En cambio, amaba la paz de las altas cumbres, porque en ellas moraba
Dios. En los nevados riscos que se alzaban polares bajo la luz de la
luna, en las mesetas donde nace el _edelweiss_, se oye la voz del Señor.
Su palabra tiene la terrible magnificencia del trueno y la dulzura de la
caricia. El alma, libre de impurezas, vuela por los etéreos espacios, y
el humo del sacrificio se eleva directamente al cielo.
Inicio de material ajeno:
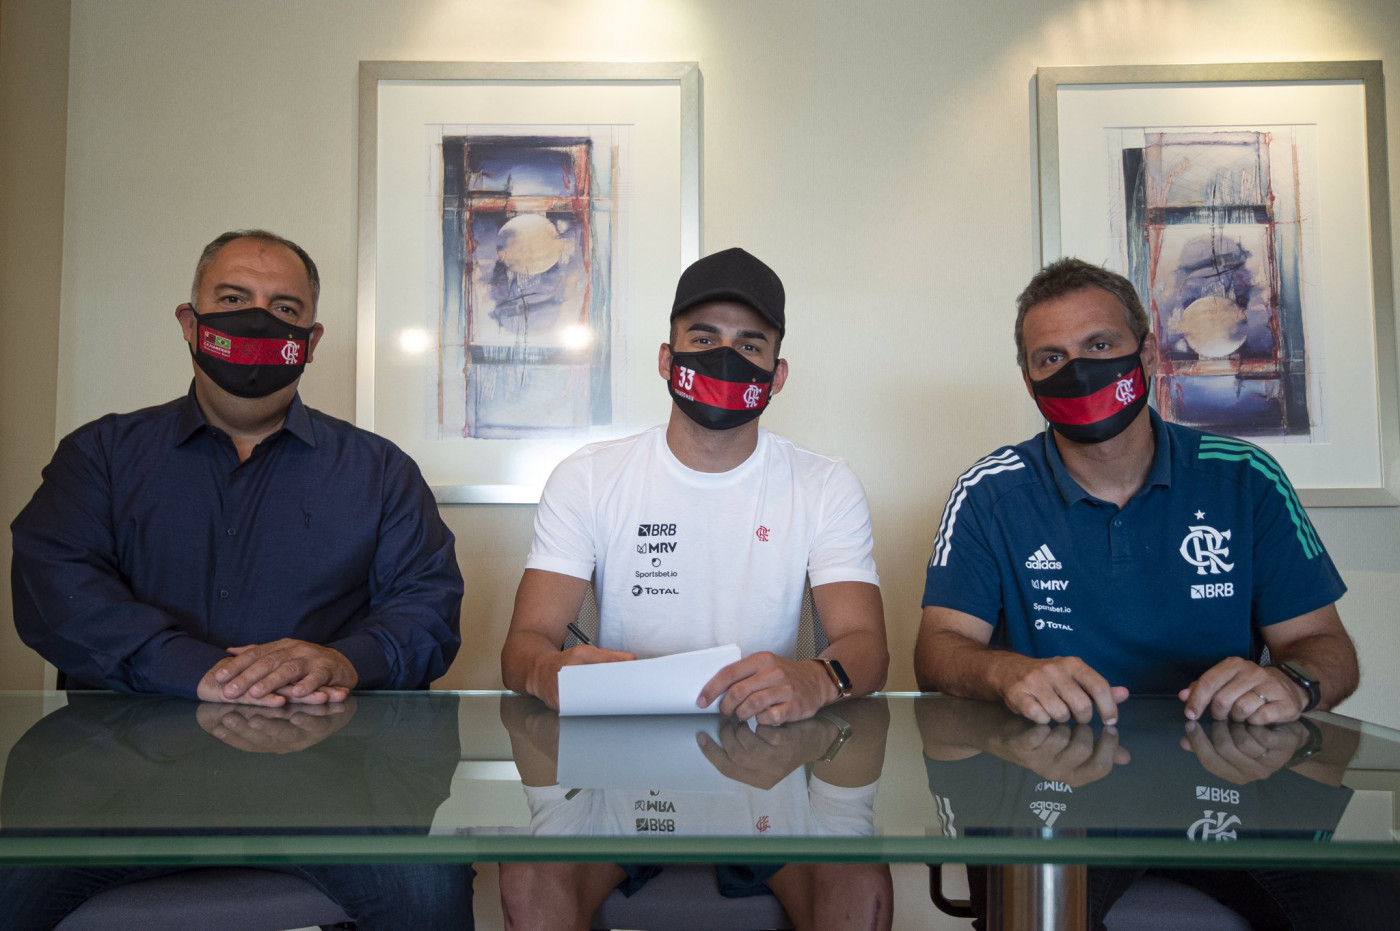 três homens brancos, o do meio Thiago Maia, jogador do flamengo. estão sentados um ao lado do outro e usam máscaras do Flamengo

Por eso deseaba que yo hiciese una ascensión con ella.

* * *

--Confieso--reanudó Valle, tras una pausa en que apuró la cuarta taza de
té--que el anochecer, pese a todas las profecías, no me había hecho
efecto. Si bien la puesta del sol tenía efectos de luz muy bellos, es
lo cierto que el paisaje había defraudado mis esperanzas y que la vista
no me indemnizaba del trabajo que me costara subir, ni de la noche de
frío que se nos preparaba. Aquello estaba demasiado alto y desde allí
daba la impresión de estarse viendo todas las cosas en un mapa de
relieve; la distancia borraba los detalles que con sus contrastes forman
el encanto del paisaje, su movimiento, como si dijéramos, y quedaba una
naturaleza de mundo muerto, una perspectiva árida de cataclismo
geológico. Veíanse los lagos como manchas grisosas, los pueblos
borrosos, los bosques de pinos fingían sombríos borrones, y las enormes
cadenas de riscos parodiaban la osamenta de imposibles monstruos.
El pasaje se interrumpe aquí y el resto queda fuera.